I’m back with more questions from blog readers about RVing, what’s happening in our lives since we hung up the keys, and all kinds of other things. While I try to answer all questions individually, I also share some here occasionally.
Q. Our house is sold, we finally retired, and we are getting ready to live the RV dream that we have wanted to for years. Now, suddenly, when it’s down to the wire, we are both terrified. We thought we had done a lot of research, but we have a million questions. What happens if we break down someplace? What happens if one of us gets sick? Will our grandkids forget all about us? Are we the only ones that are experiencing this, or does it happen to all new fulltimers?
A. If I had a dollar for every new fulltimer or someone about to become a fulltimer who has asked me the same question, I could retire and live like a rich man for the rest of my days. Trust me, you are not alone. Every fulltimer I know asked themselves some of these questions, if not all of them, and more. Relax, you’re going to be just fine. We’ve exchanged e-mails enough that I know that you have all the bases covered, and this anxiety is just something you will work through. A month after you’re on the road, you will be writing to tell me about all the good times you are having, and all of the worries you are expressing now will be in the past.
Q. With COVID-19 all over the country, we are not sure about traveling right now. I know that some campgrounds are open but not how many, but I also know there are so many restrictions in some of the places. My kids are bored sitting at home, and they want to get out and do something, but I don’t know what to do at this point. Are campgrounds closed around the country? Will we be able to find a place to go? What about restrictions when we cross state lines? I heard some states are requiring people self-isolate for 14 days, and I’m asking myself why we should go someplace if instead of seeing the sights we are stuck inside of our RV or have to stay around our campsite, socially distancing from other people.
A. In some states, campgrounds are open, and in other states, they are not. Some states are requiring people who enter to self-isolate. In many places, attractions are closed. If it were up to me, I would stay home. There will be other summers and other trips to take.
Q. I saw the pictures you have of Terry’s latest shawls in yesterday’s blog and on Facebook, and they are beautiful. My question is, from start to finish, how many man-hours, or I should say woman hours, are involved in a project like that?
A. Terry says it usually takes a couple of hours to set up a project on the loom, and then four to eight hours of weaving, and once the weaving is done, anywhere from two to eight hours to take it off the loom, trim it, wash it, press it, tie the fringe and everything else involved. And that does not include design and planning, which can take many hours. A production weaver who just wants to crank out product can do a lot more of the same items in less time than that, but Terry weaves for the love of it, and every creation she makes is unique. No two are quite the same.
Q. With so much changing in today’s world, it seems like everybody hates everybody else, based on race, religion, politics, or something. It’s just so depressing. We have talked about buying an RV and traveling fulltime, or at least in the winters to get out of the cold weather here, but I’m wondering if RVers are also going to be uptight about anything and everything?
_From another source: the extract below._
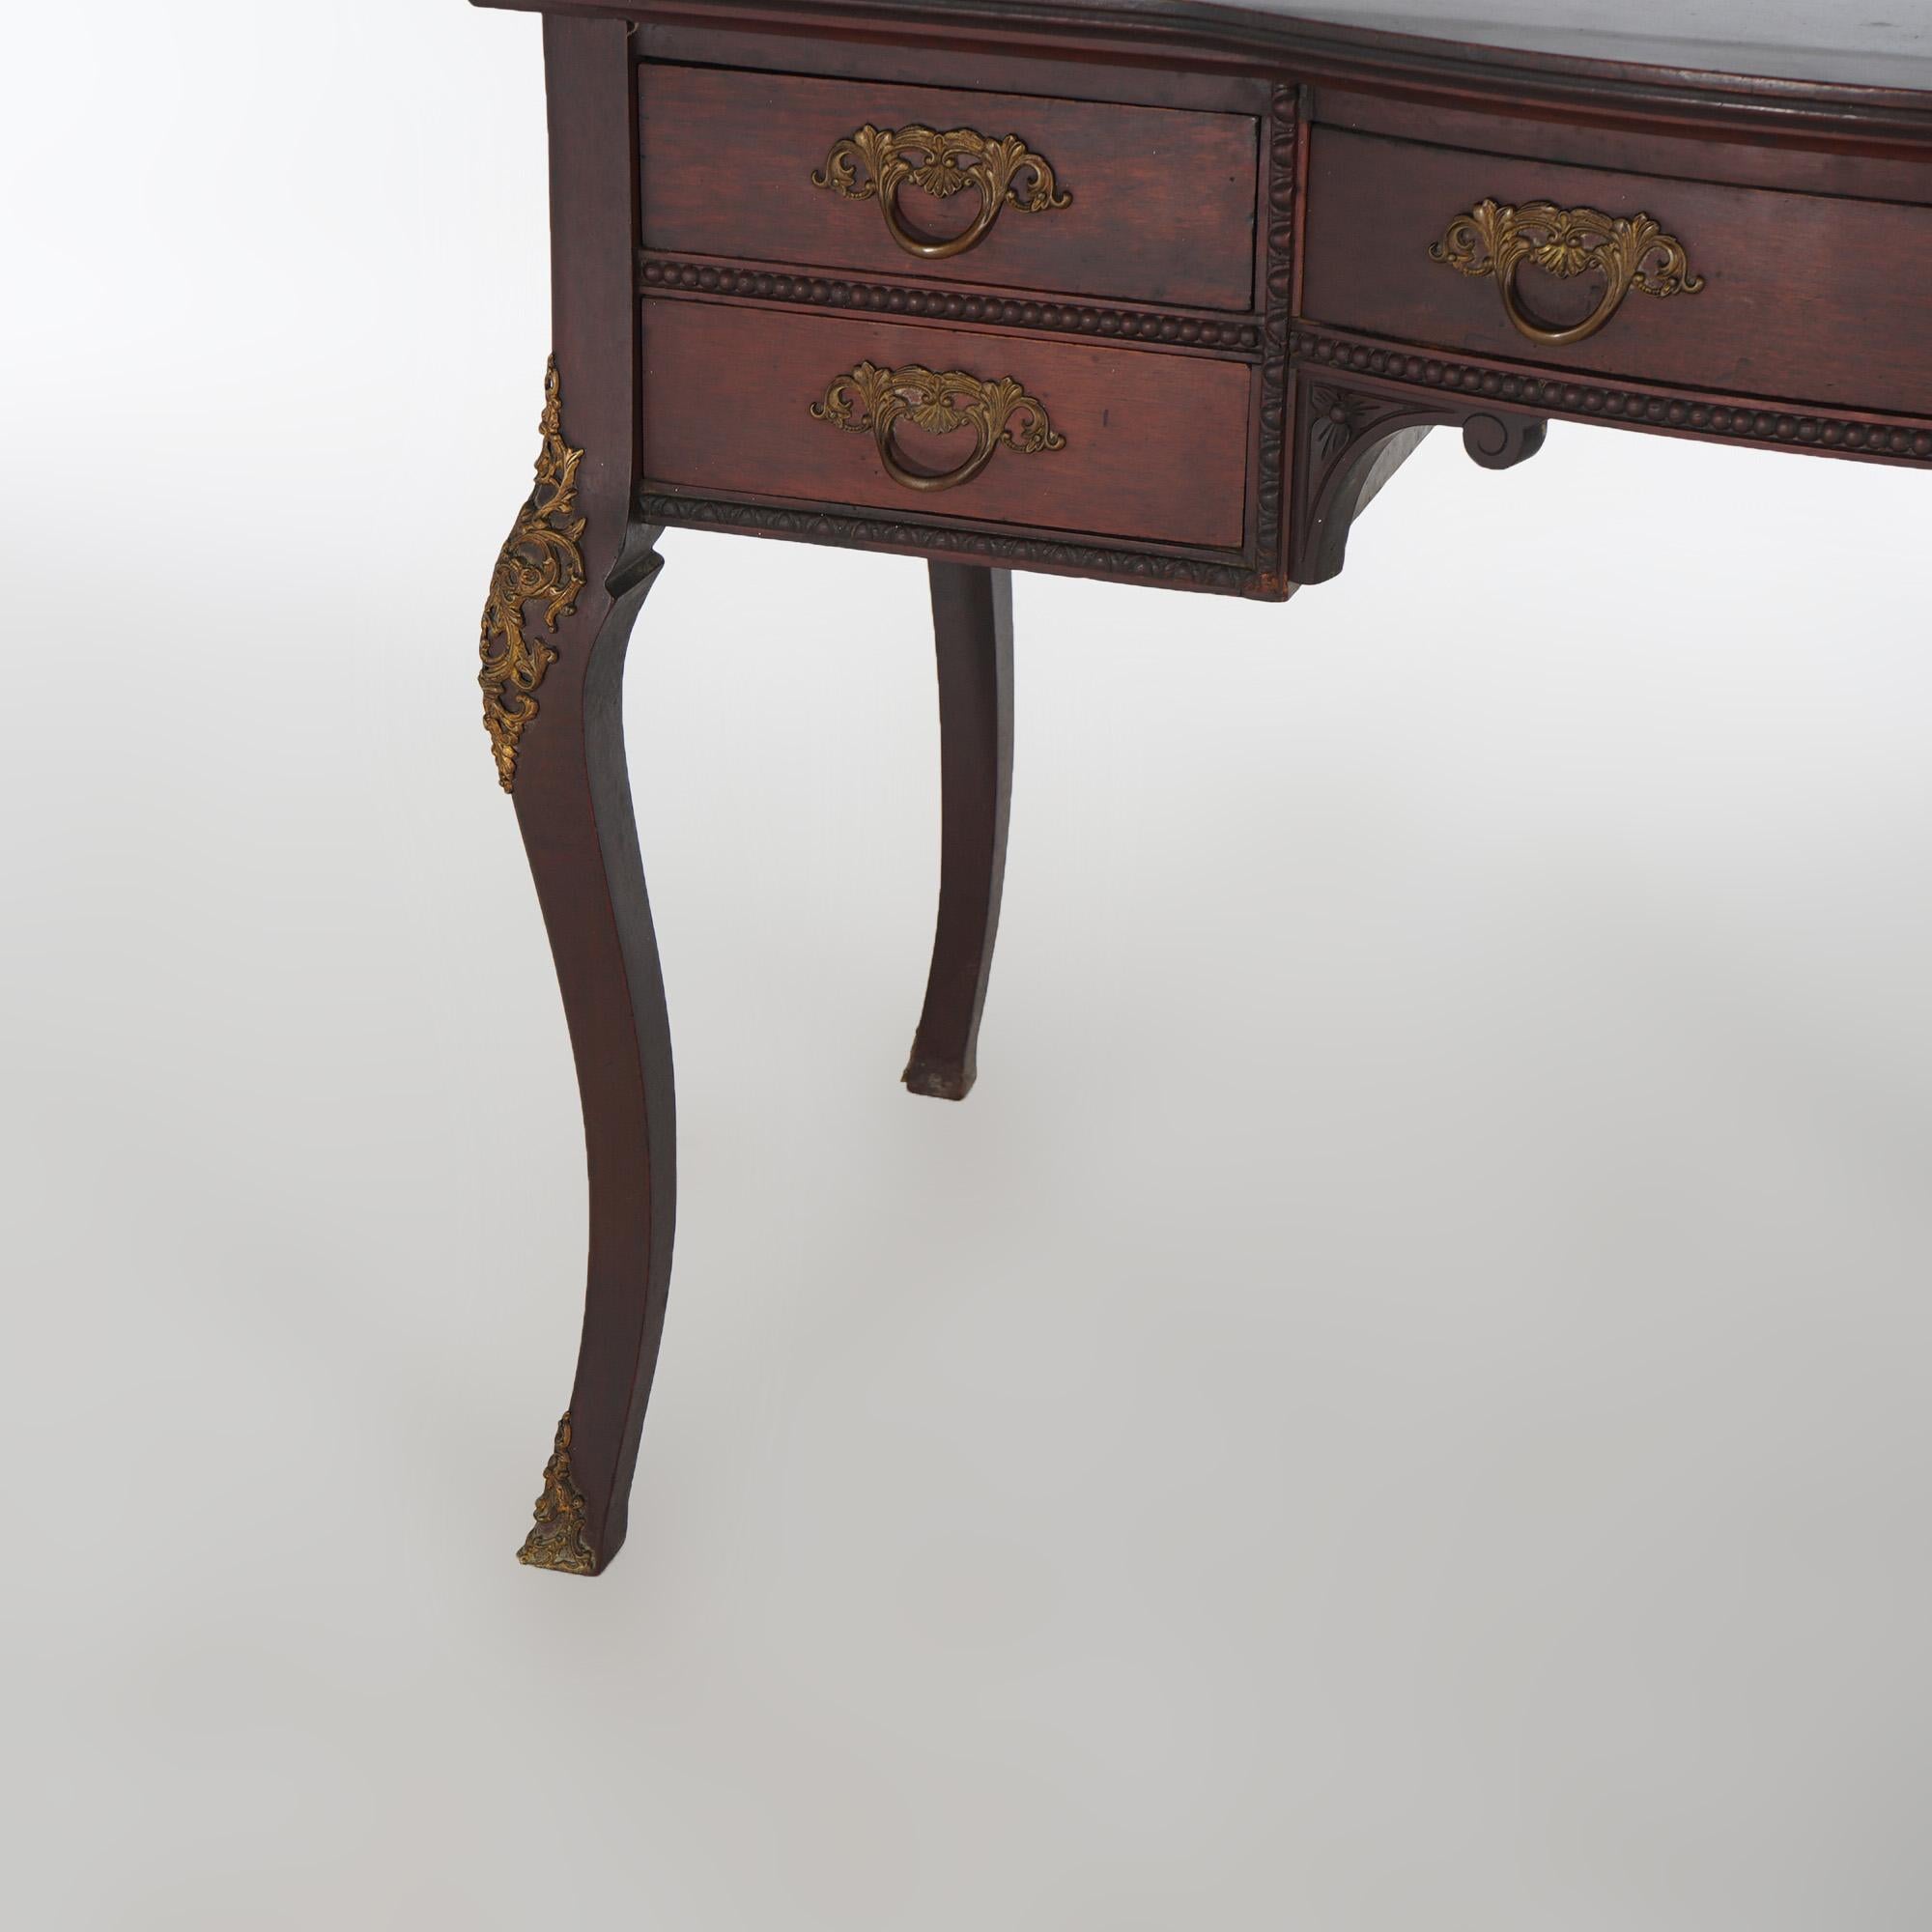 Antique French Mahogany & Ormolu Bureau Plat Writing Desk C1910 9
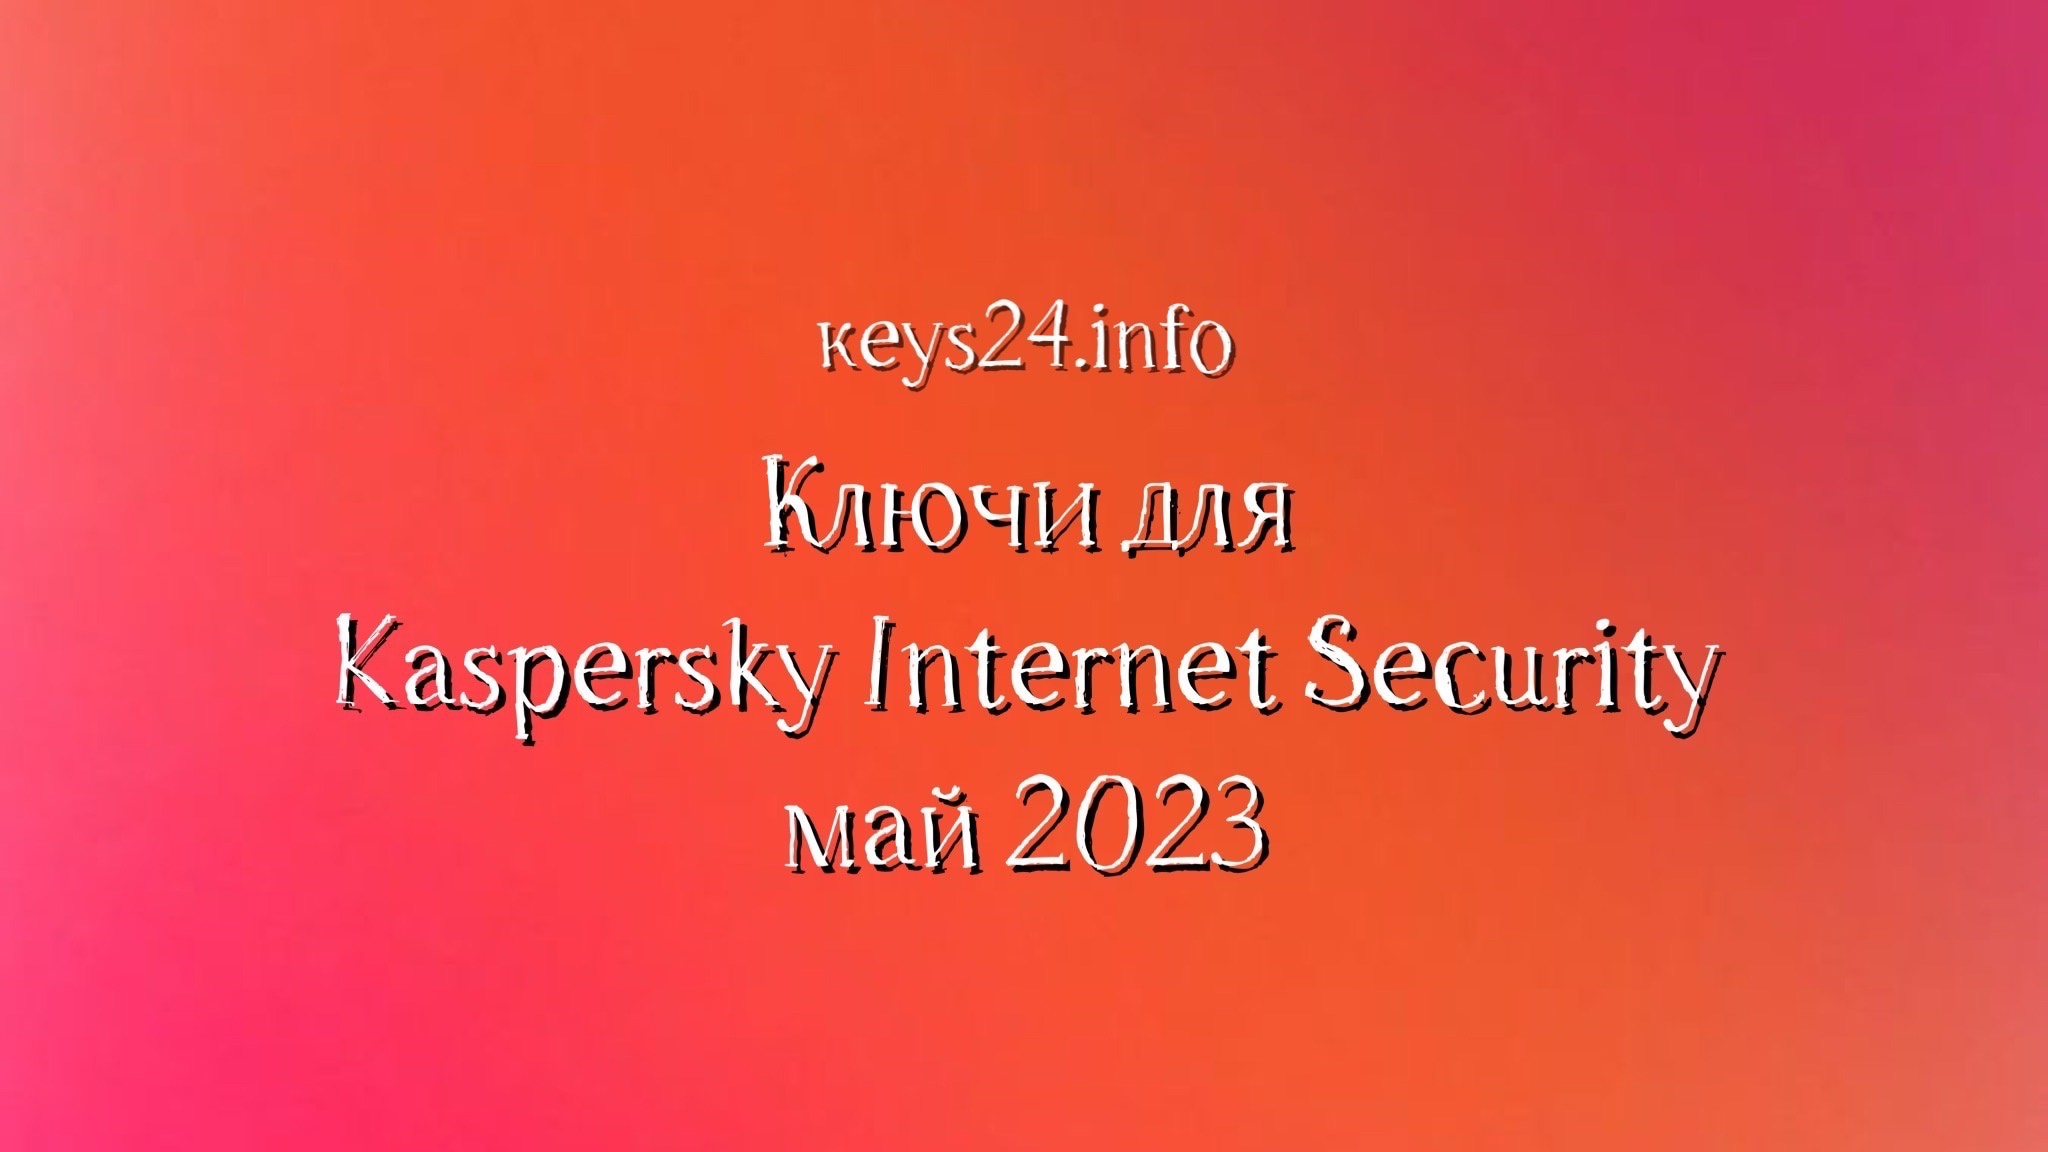 keys for kaspersky internet security may 2023

A. RVers are a cross-section of society and like any other for people in the world. You will find some sourpusses, grumps, conspiracy theorists, and some that hate other people based on the color of their skin or their choices of who they love or vote for, or hundred other reasons. But you also find many, many wonderful people who are accepting, adventurous, and will become friends for life
Q. I was disappointed that you’re putting the John Lee Quarrels and Big Lake mystery series on hold while you work on this new historical series, Nick. I would have no interest in it. If what you have been doing is working, why change it up?
A. I remember interviewing a popular singer-songwriter back in my newspaper days who told me that his most signature song had made him a millionaire a couple of times over, and at every concert, people wanted him to sing it. He said that as much as he was grateful for how well the song had done for him, he began to hate singing it somewhere around the ten-thousandth time. I don’t hate the Big Lake or John Lee Quarrels series. They have been very good to me, and I will be continuing them, but just like that singer I mentioned, I want to spread my wings and try something new. The idea of a historical family saga has been in my head for years, and it’s time to get it out. Hopefully, you’ll enjoy it, but if you don’t, don’t worry, you’ll be reading some more John Lee and Big Lake books before too long.
Q. I know you’ve lost some people to COVID-19, Nick. I have lost a sister and an aunt, and I get infuriated when people try to compare their losses to cancer or heart disease or some other nonsense. How do you respond to people like that?
A. I have told a couple of people who said more people die of this or that or whatever, that it would be small comfort to them if they lost a child or a family member in an airplane crash and I told them that more people die in car accidents every year. Dead is dead, and grieving is grieving, no matter how we lost that person. Unfortunately, people who are so rude or brain dead that they say things like that just don’t understand how personally offensive and hurtful it is to those of us who have lost loved ones. All they care about is getting their point across, and to hell with your heartache.
Congratulations Kathy Brophey, winner of our drawing for an RV camping journal donated by Barbara House. We had 44 entries this time around. Stay tuned, a new contest starts soon.
Thought For The Day – What you are not changing, you are choosing.